* _Records provided_:
━━━

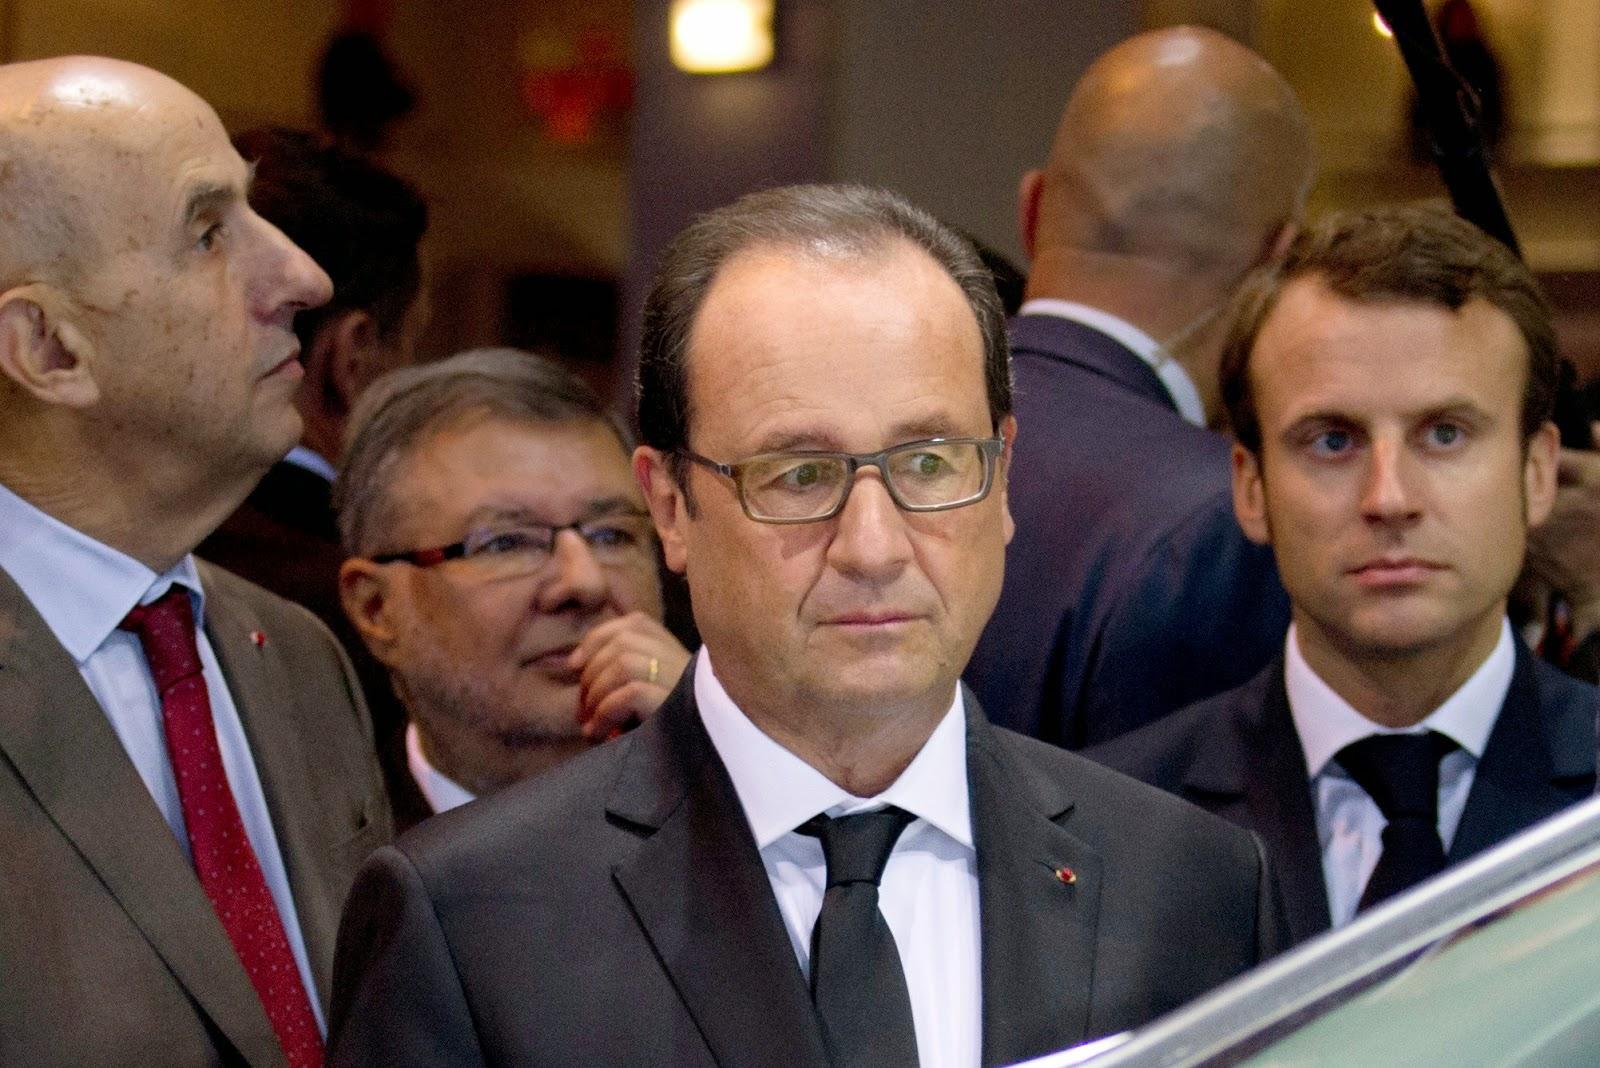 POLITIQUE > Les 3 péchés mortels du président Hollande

━━━

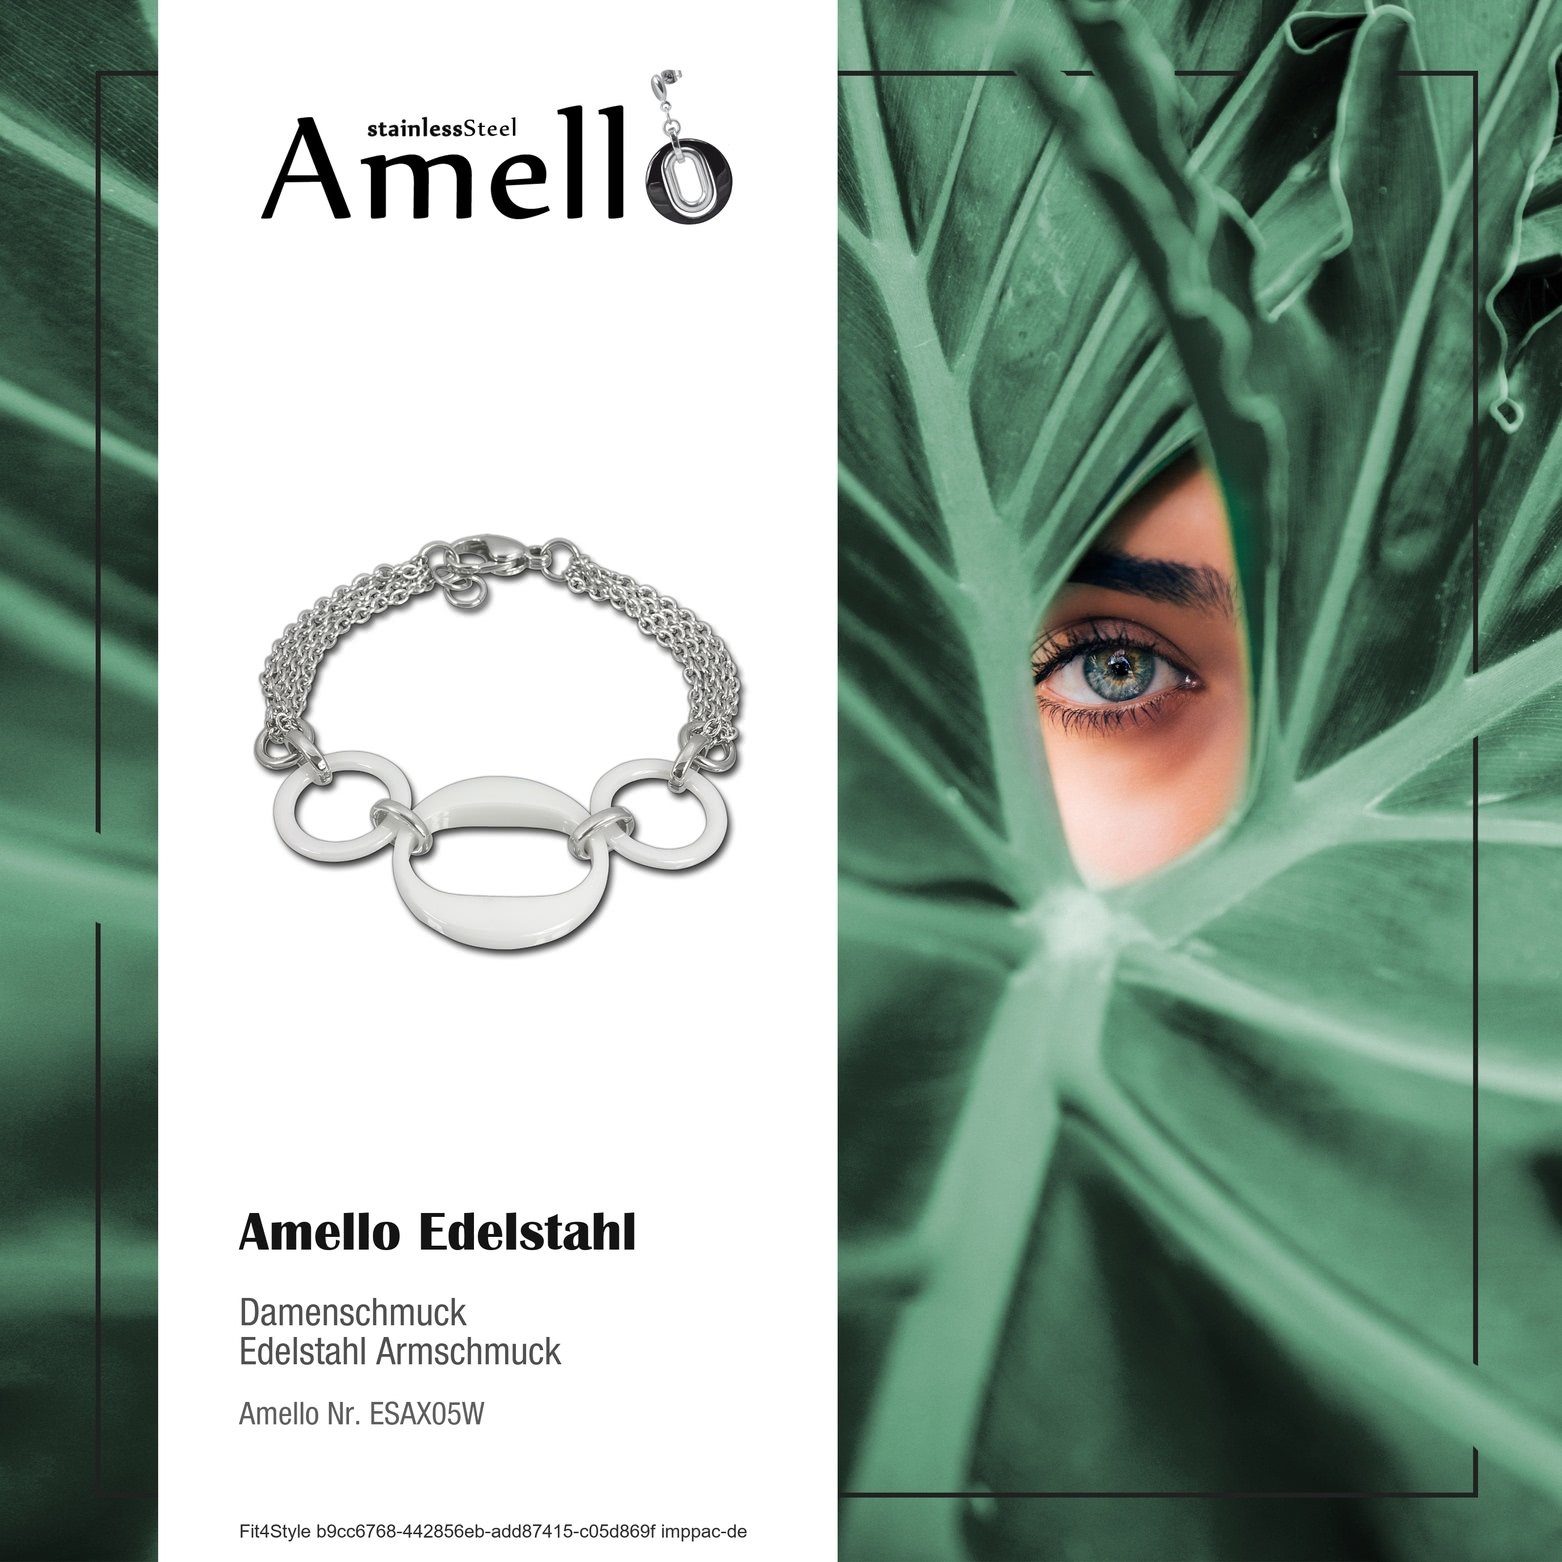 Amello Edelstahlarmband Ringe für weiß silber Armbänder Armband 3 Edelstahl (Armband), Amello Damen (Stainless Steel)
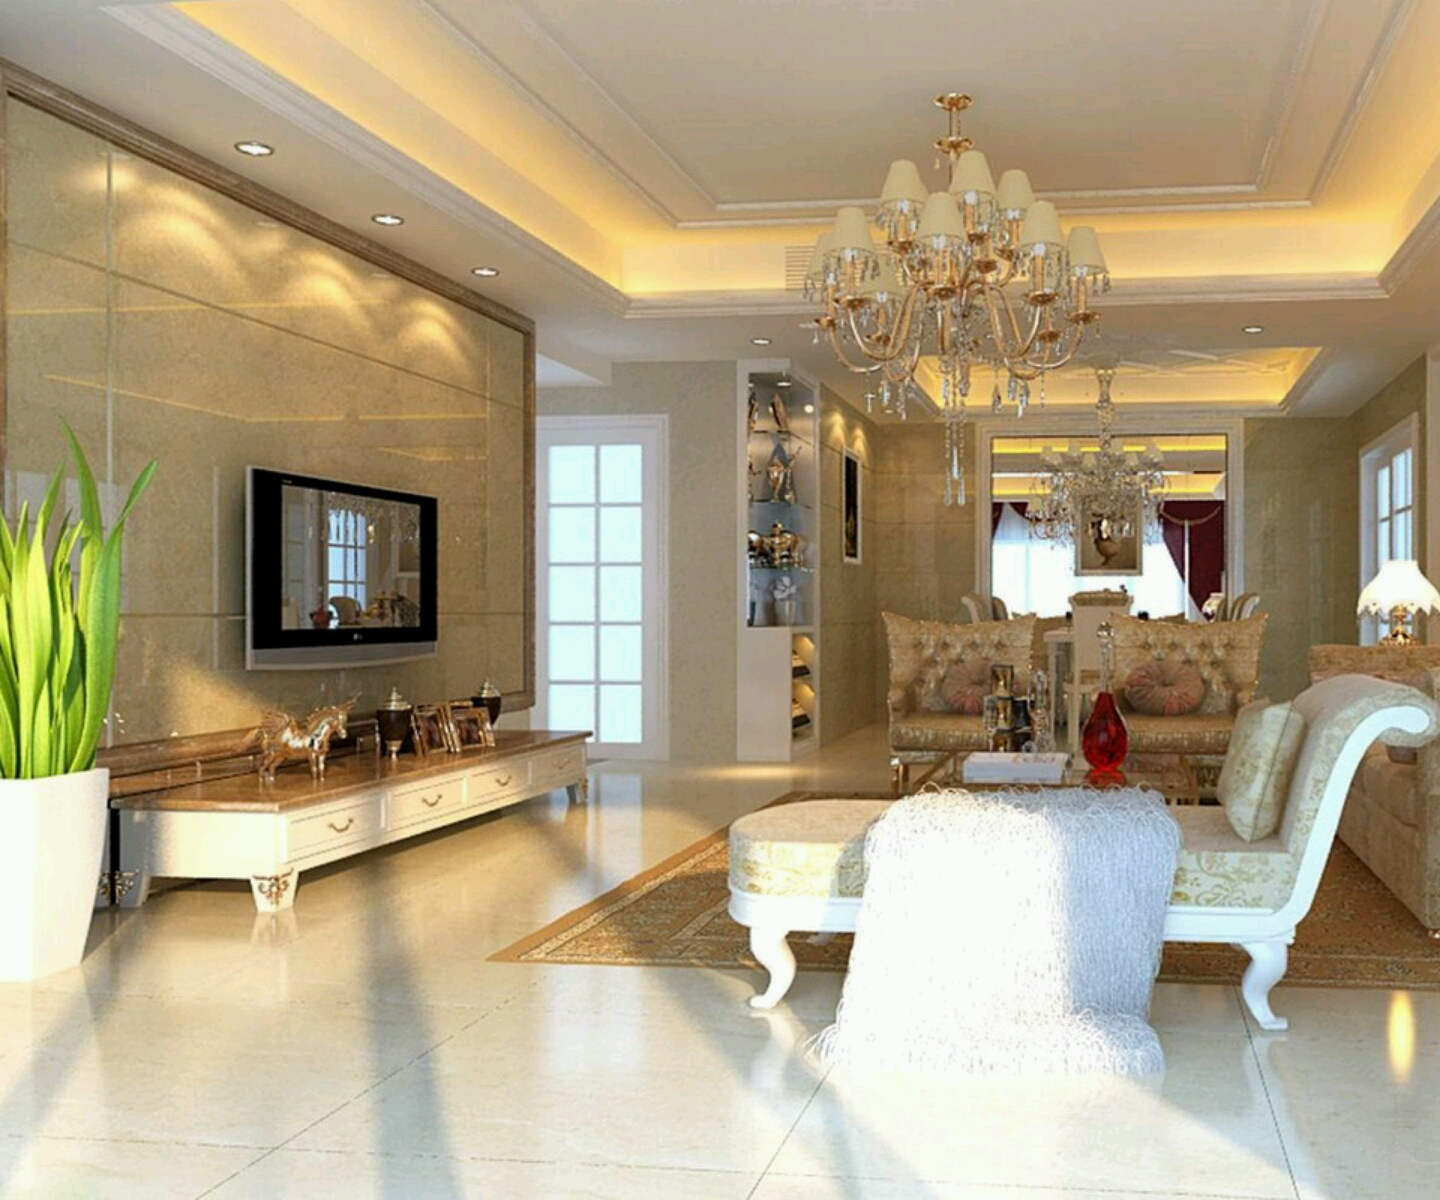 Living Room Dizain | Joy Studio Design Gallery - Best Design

━━━

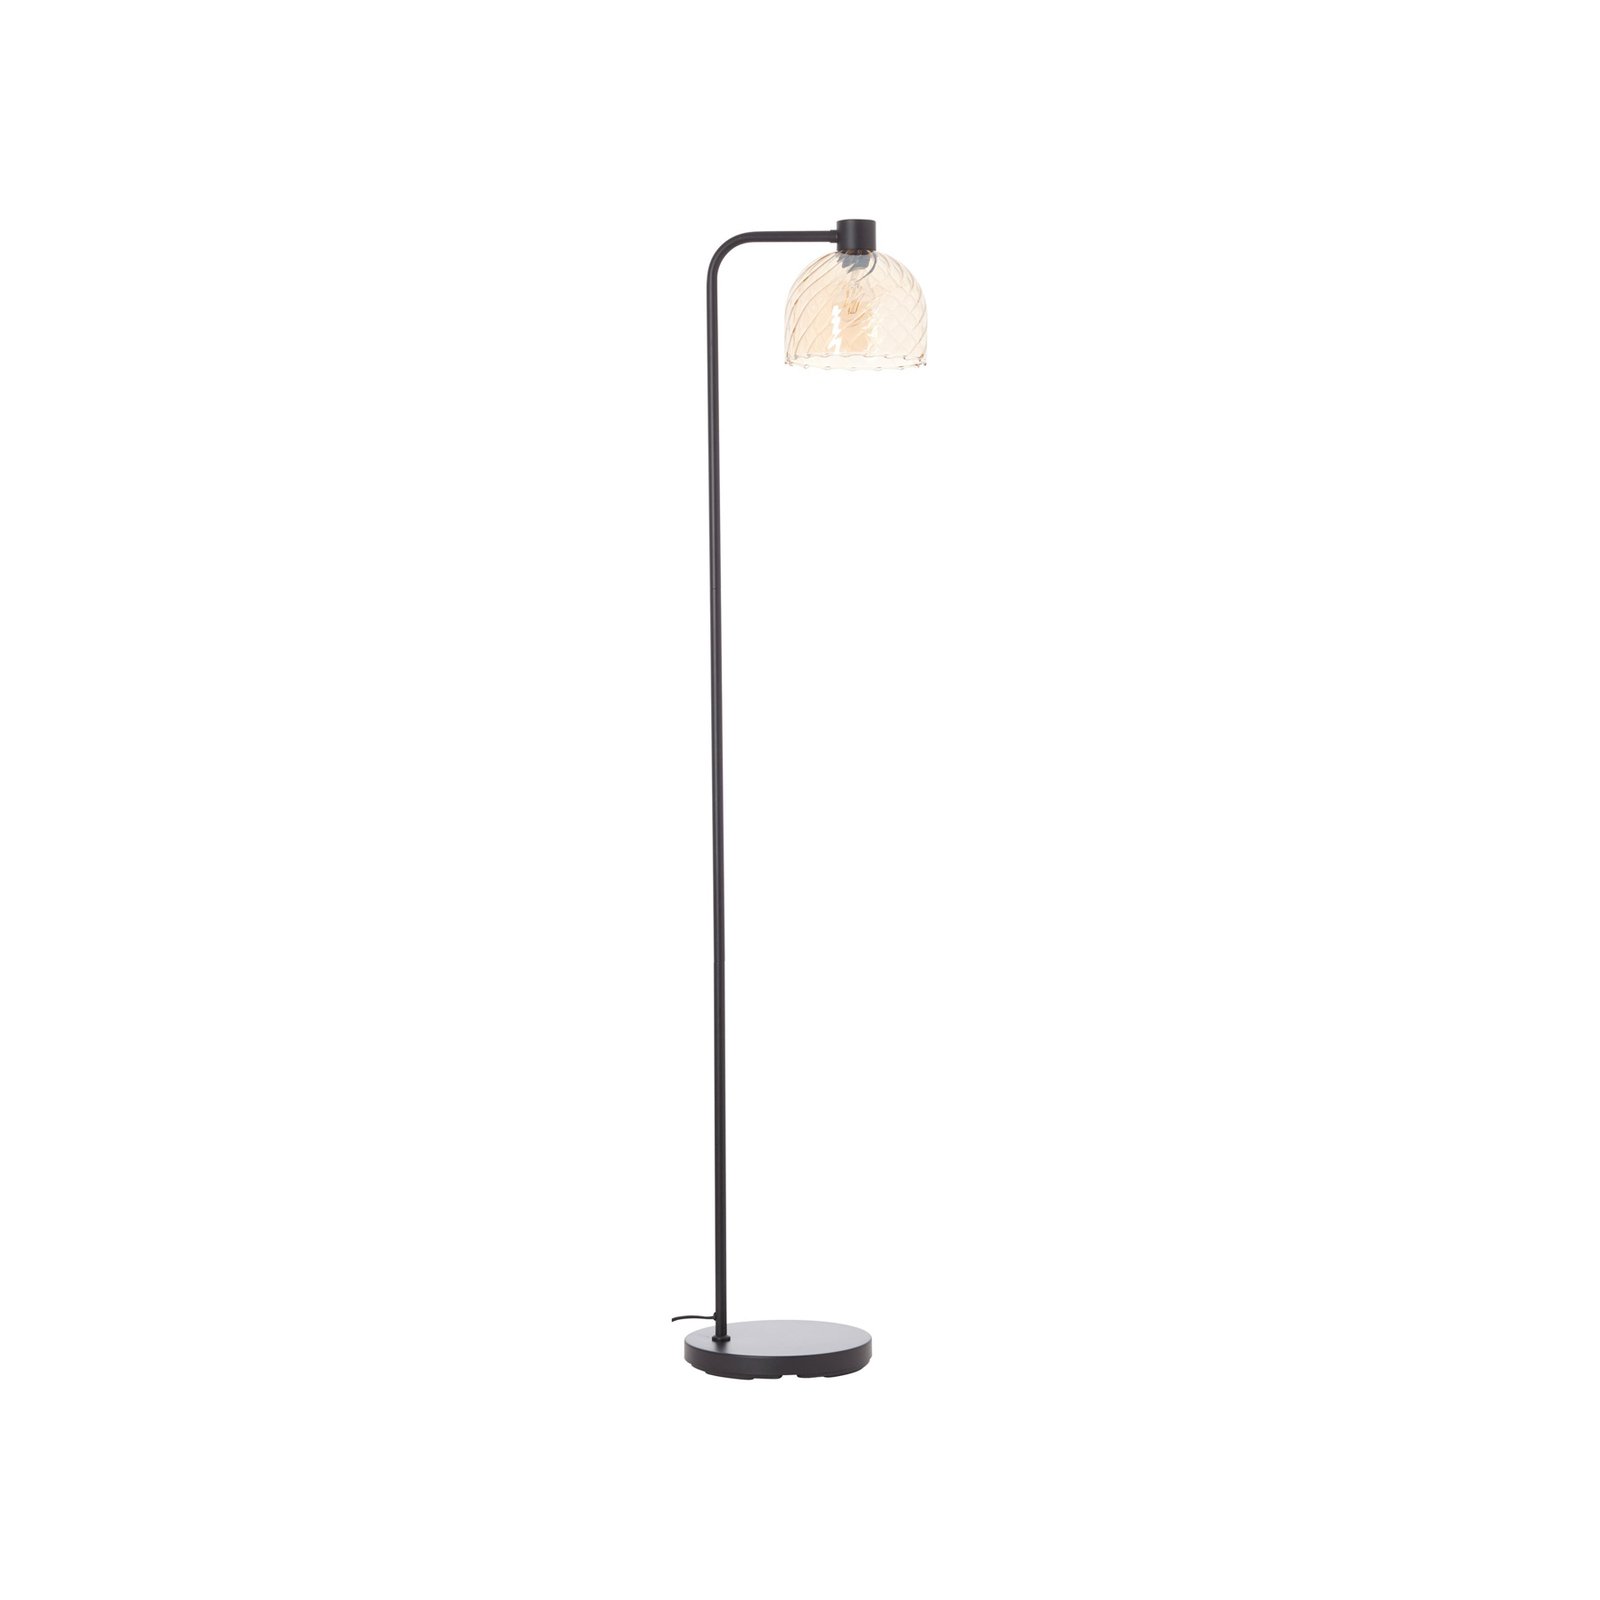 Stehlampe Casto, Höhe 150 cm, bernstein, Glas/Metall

━━━

* _Action item_:
For this exercise, transcribe exactly the part of the records above that opens with the line containing "Amello Edelstahlarmband Ringe" and closes with the one containing "Living Room Dizain". Pictures are not part of the copy.

* _Response box_:
 Amello Edelstahlarmband Ringe für weiß silber Armbänder Armband 3 Edelstahl (Armband), Amello Damen (Stainless Steel)
 Living Room Dizain | Joy Studio Design Gallery - Best Design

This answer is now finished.